• PROMPT: Transcribe all of the data exactly. Omit the pictures.

• THE DATA:

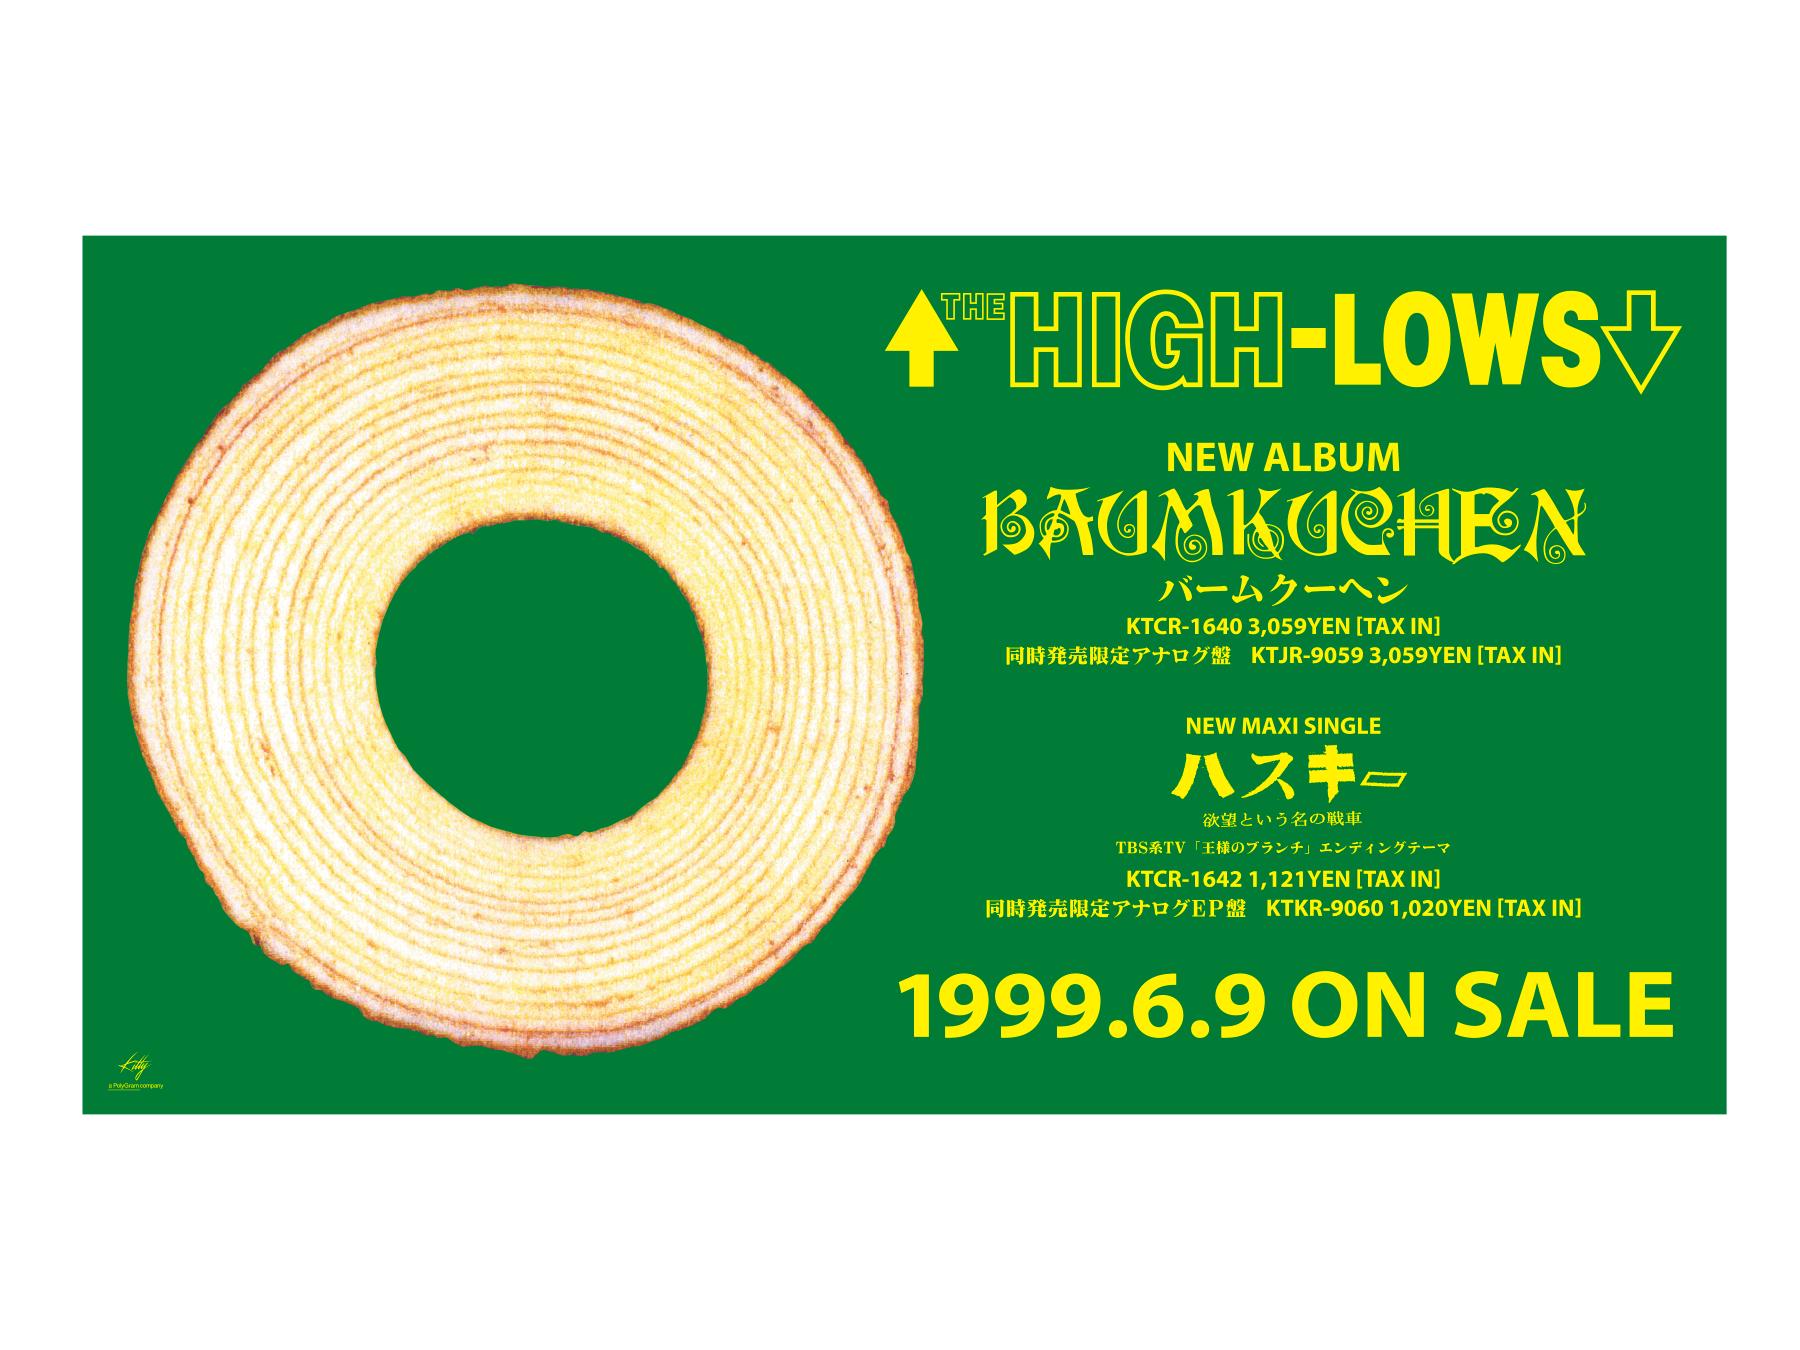 ザ・ハイロウズ 「バームクーヘン」 TOWER RECORDS 渋谷 ビルボード広告
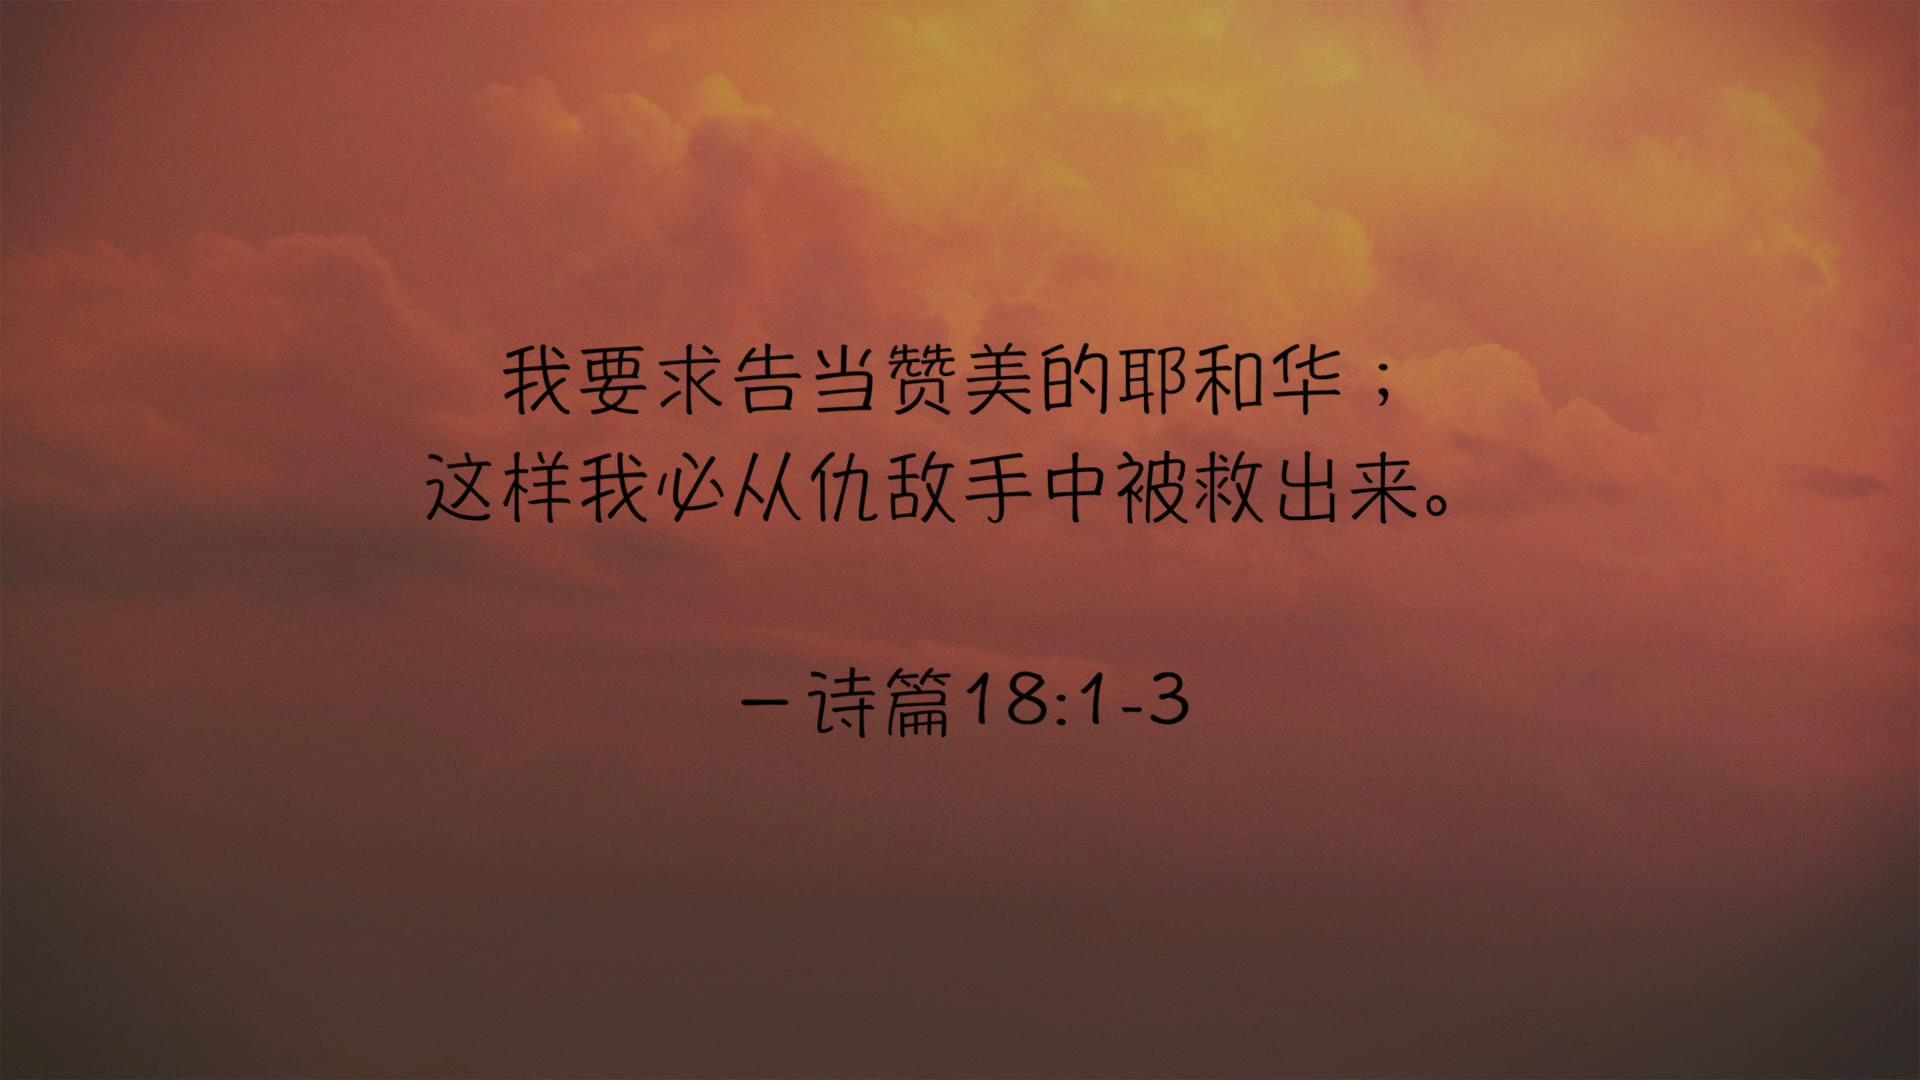 圣经三分钟 诗篇18_20181218215309.JPG
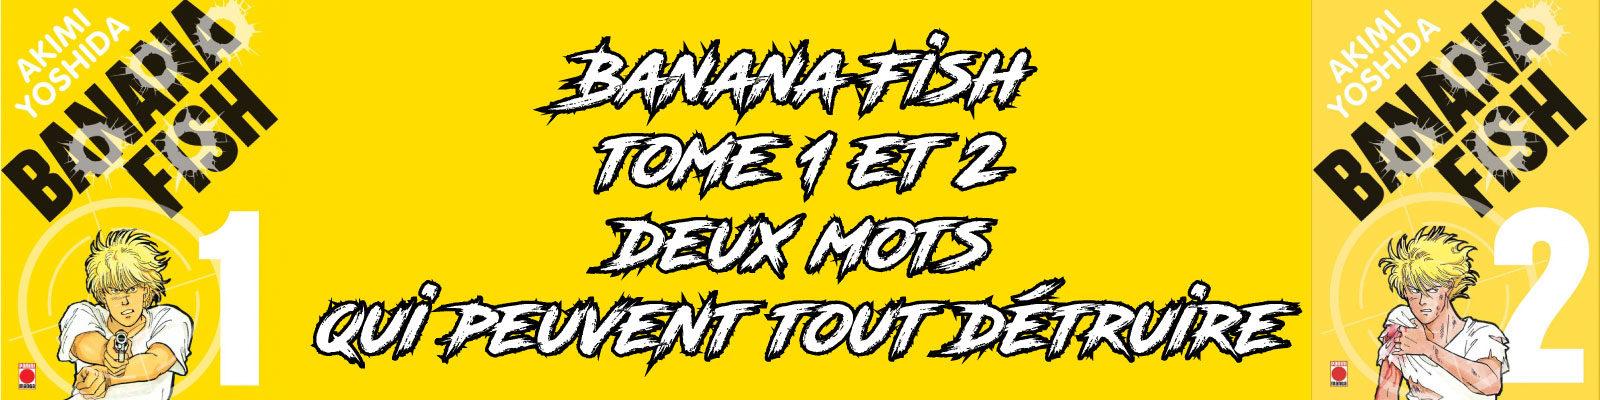 Banana Fish-1-1

• EXPECTED ANSWER:
 ザ・ハイロウズ 「バームクーヘン」 TOWER RECORDS 渋谷 ビルボード広告
 圣经三分钟 诗篇18_20181218215309.JPG
 Banana Fish-1-1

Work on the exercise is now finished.